Required work
From the line that has "ArtStation - The King of Fighters 97 Fan Art" down to the last line of the data below, set down every line exactly, but none of the pictures.

*** Opening of Information provided ***

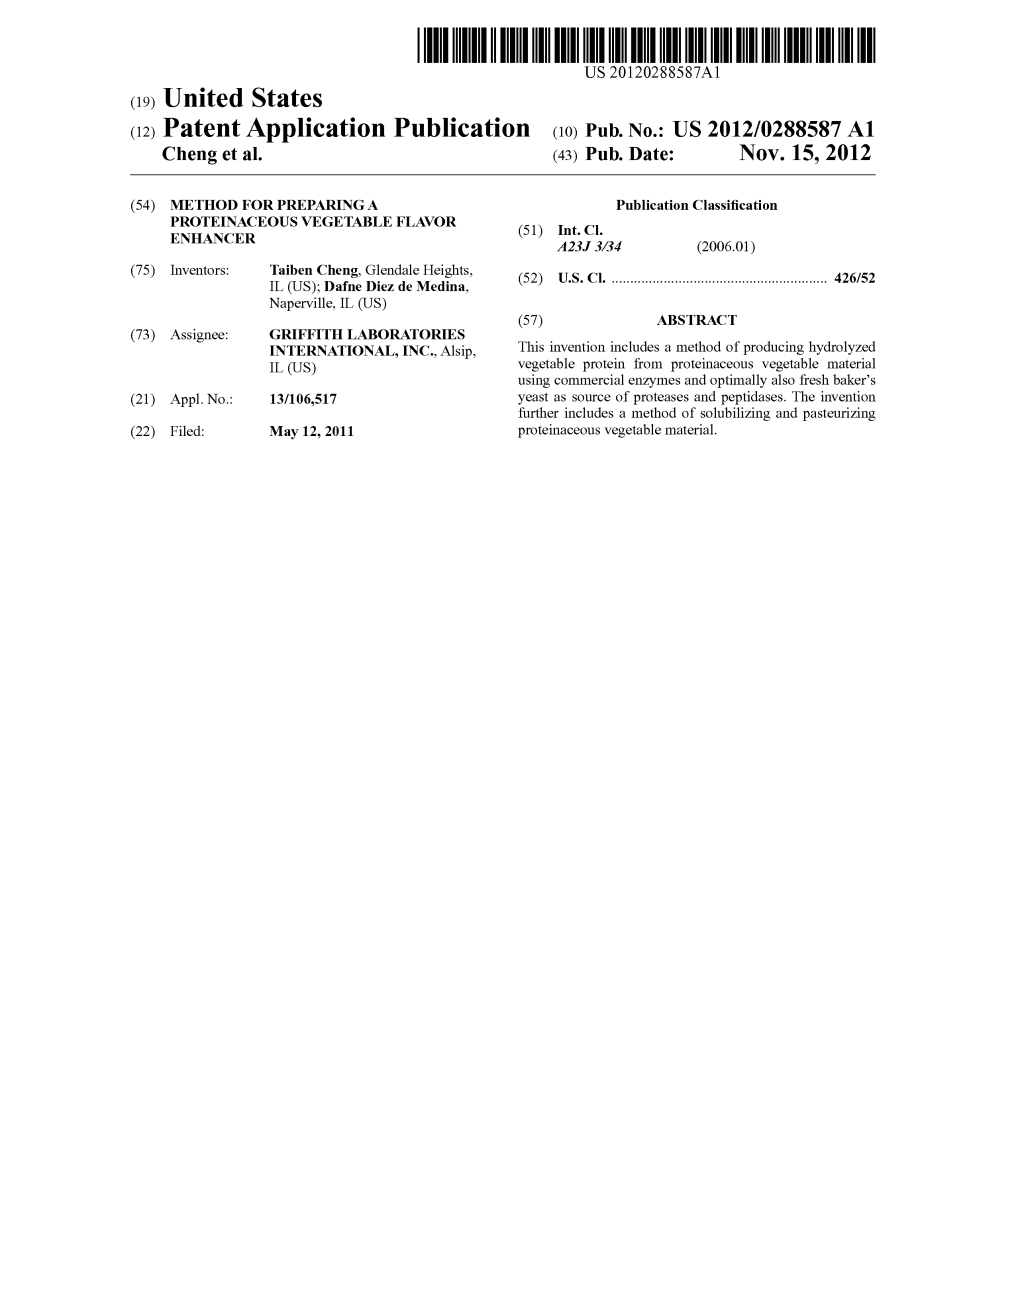 (12) Patent Application Publication (10) Pub. No.: US 2012/0288587 A1 Cheng Et Al
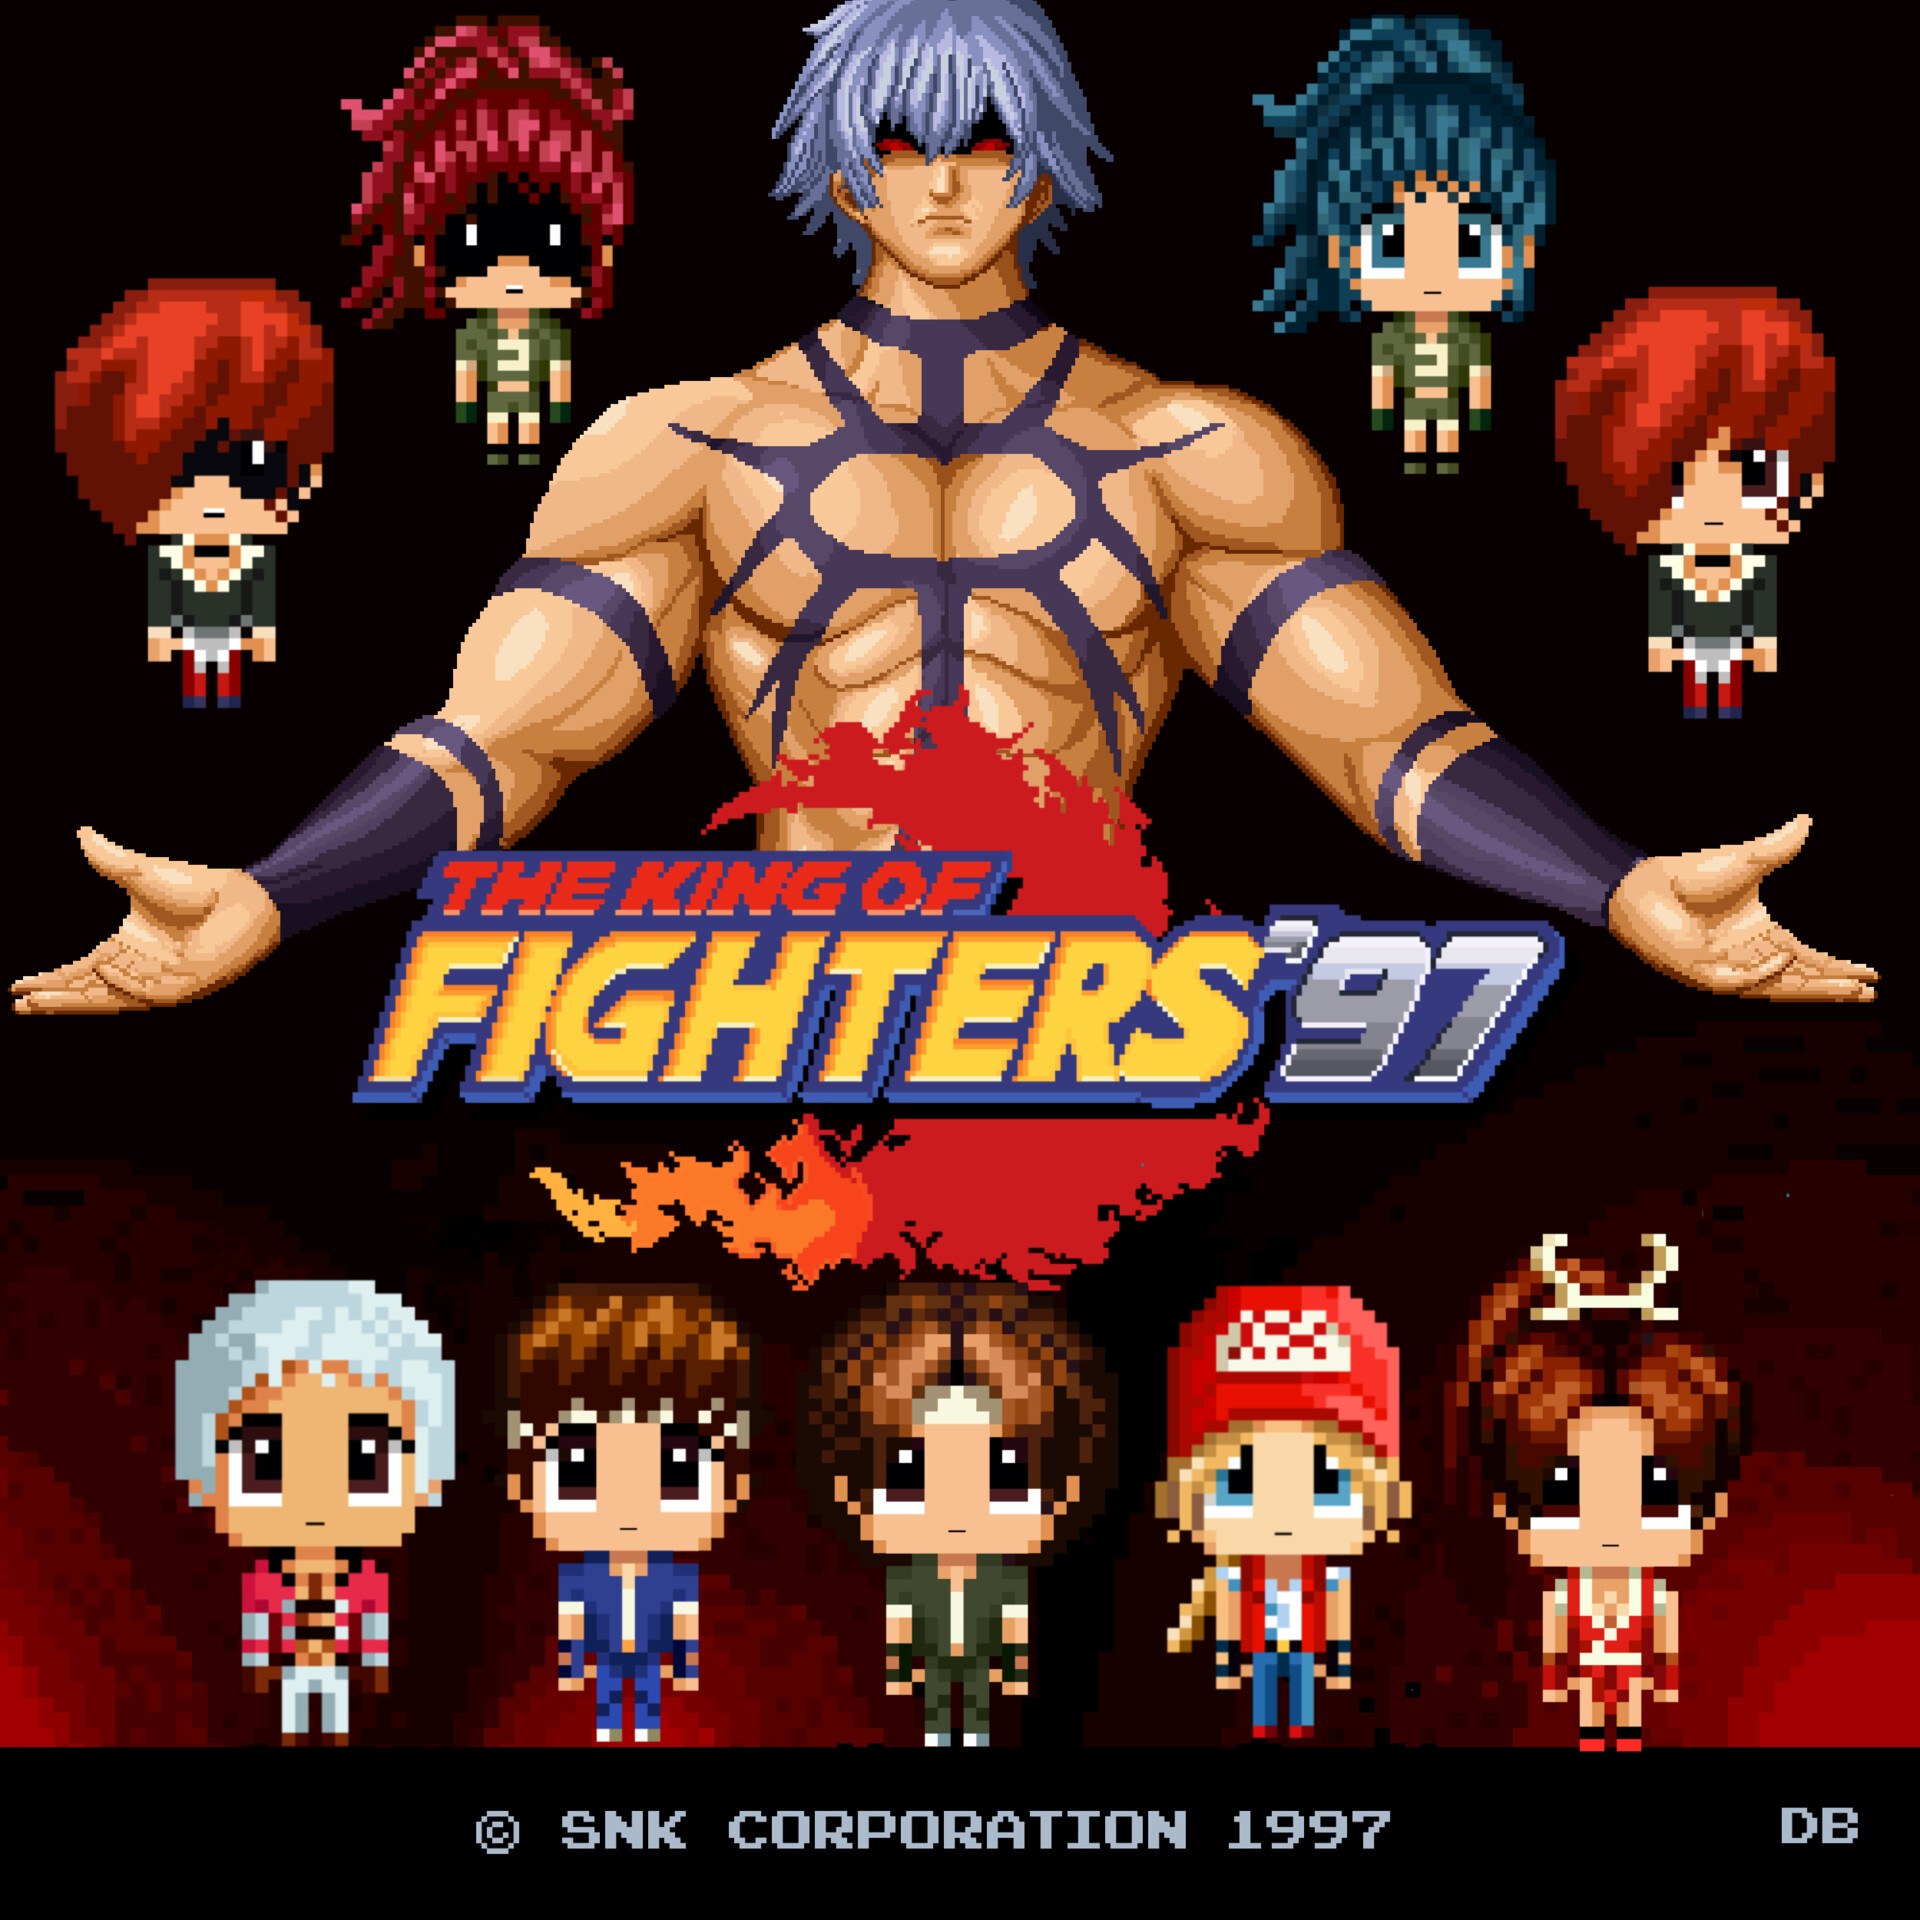 ArtStation - The King of Fighters 97 Fan Art
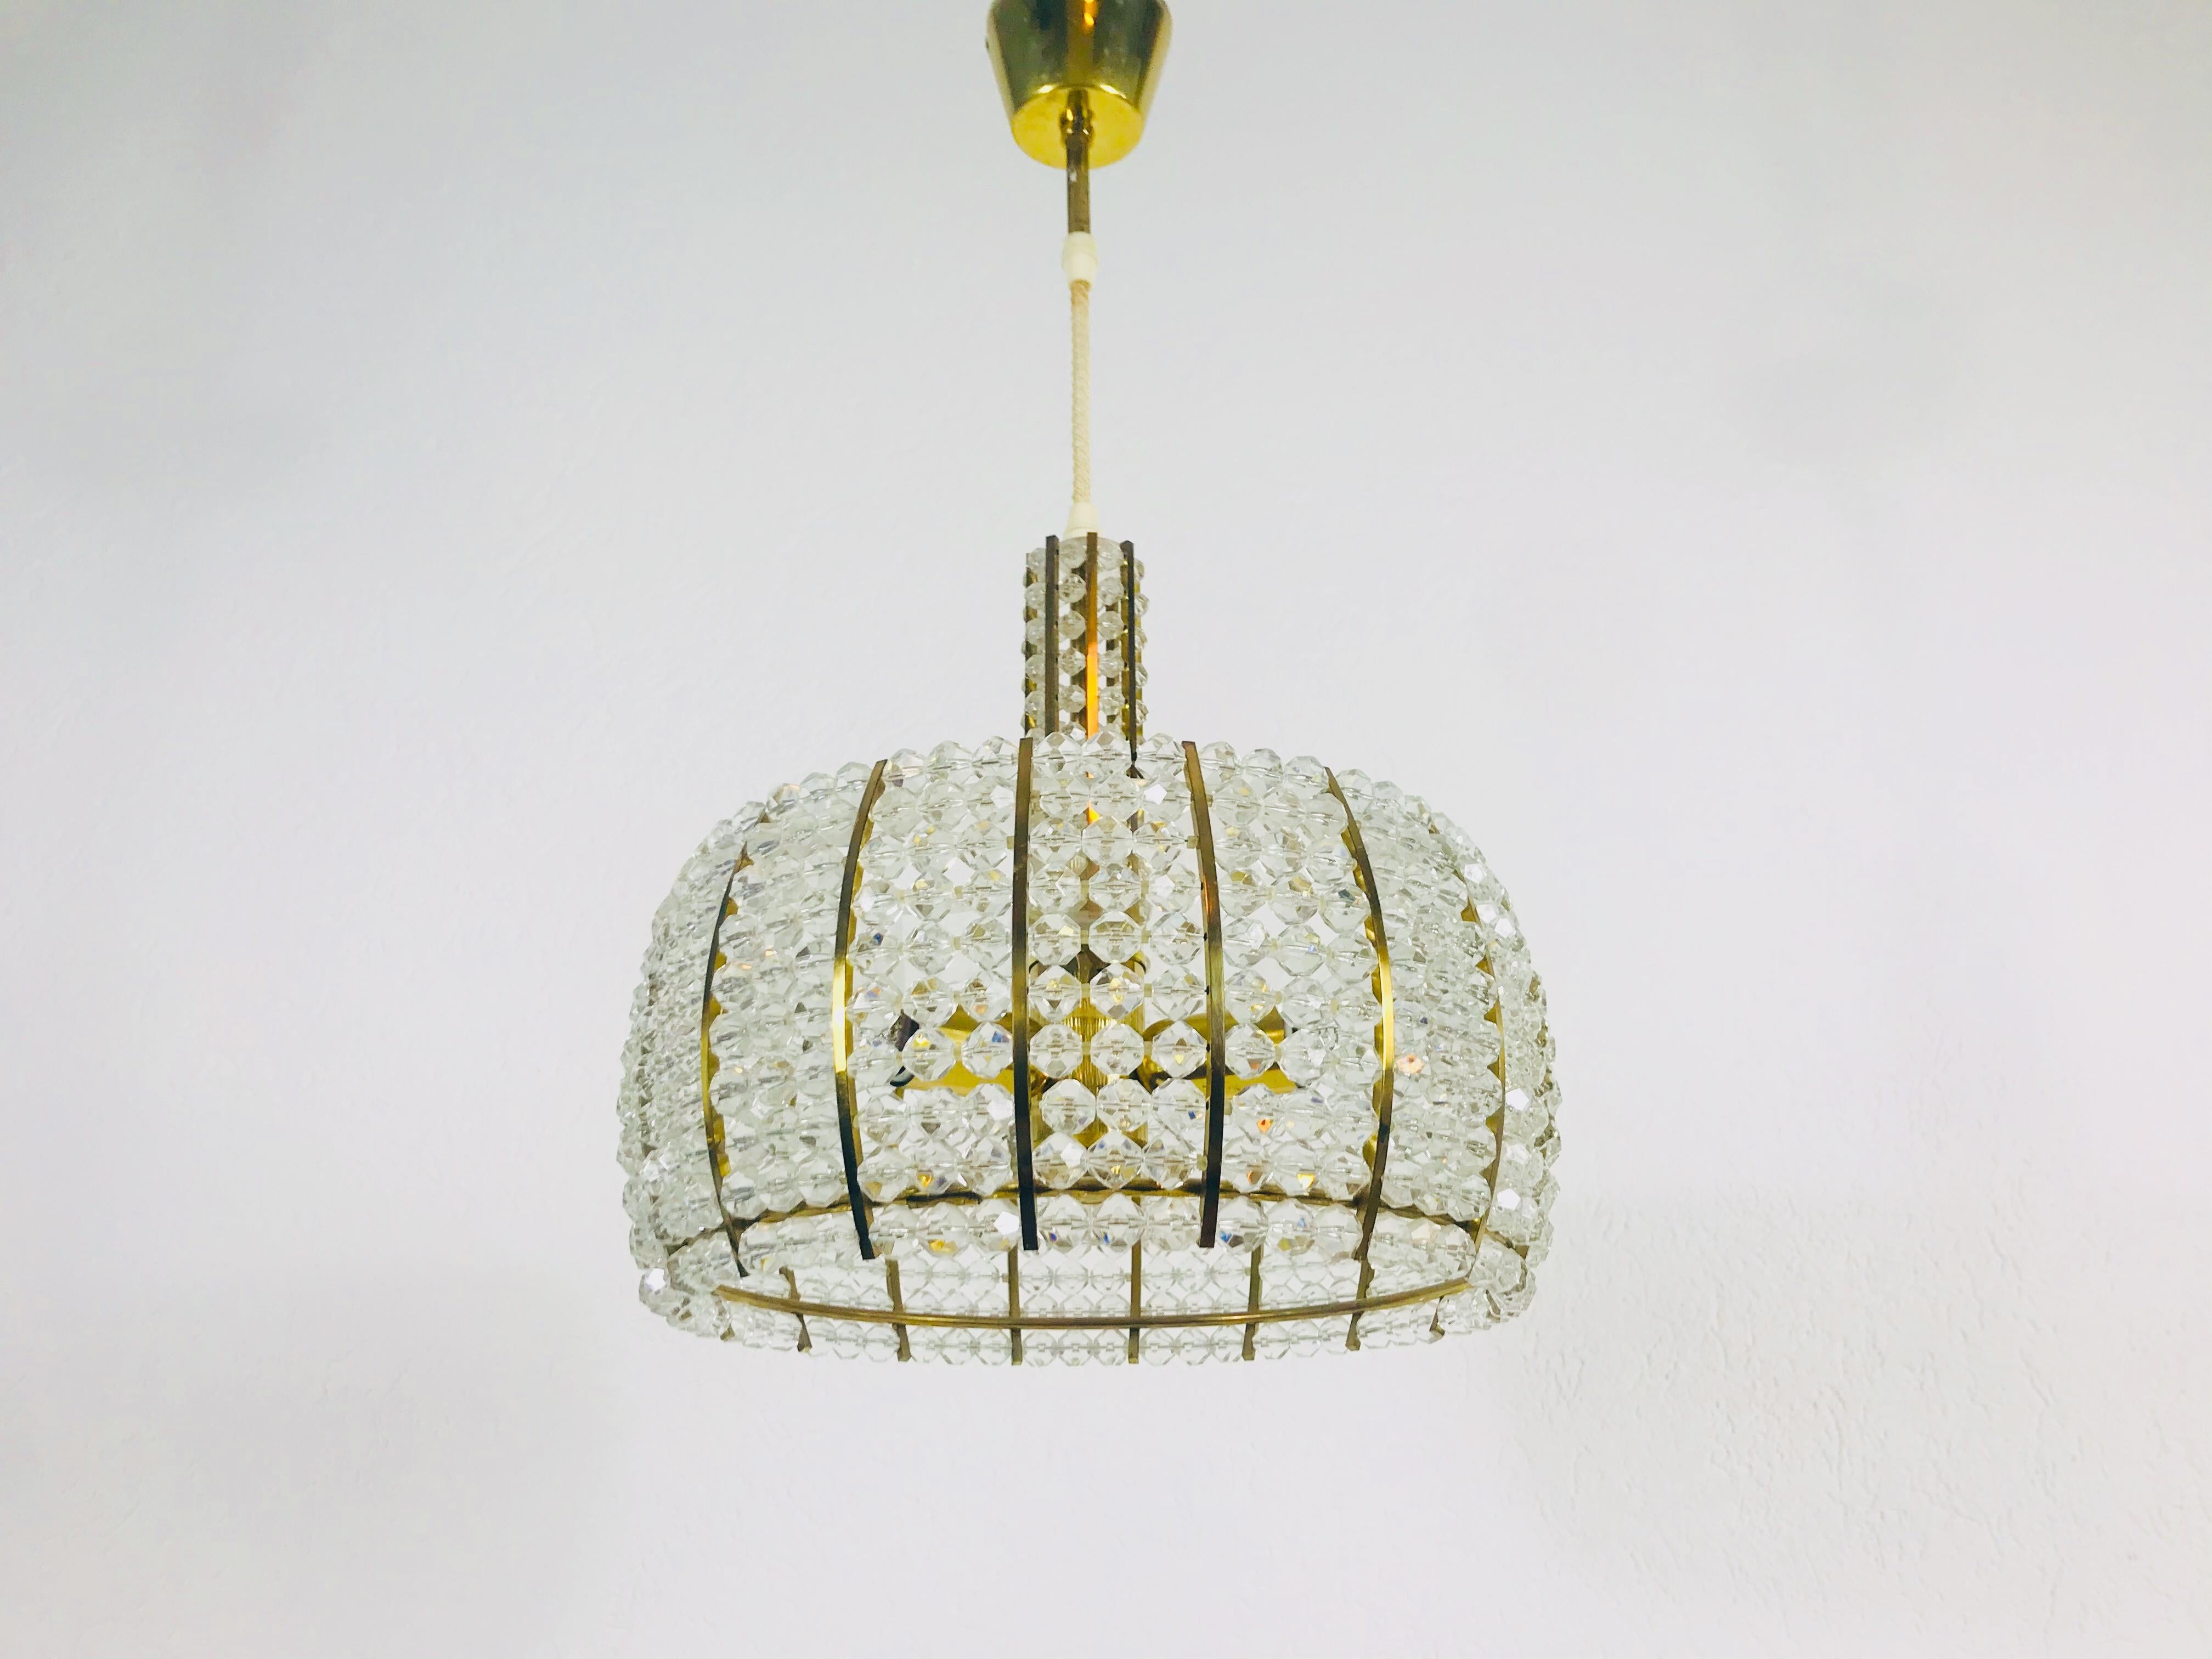 Ein Kronleuchter aus Messing, hergestellt von Emil Stejnar für Rupert Nikoll, Österreich, in den 1960er Jahren. Die Beleuchtung hat ein erstaunliches Midcentury-Design. Er ist aus Messing und kleinen Gläsern gefertigt und passt perfekt in ein

*** Close of Information provided ***

Solution for this task
 ArtStation - The King of Fighters 97 Fan Art
 Ein Kronleuchter aus Messing, hergestellt von Emil Stejnar für Rupert Nikoll, Österreich, in den 1960er Jahren. Die Beleuchtung hat ein erstaunliches Midcentury-Design. Er ist aus Messing und kleinen Gläsern gefertigt und passt perfekt in ein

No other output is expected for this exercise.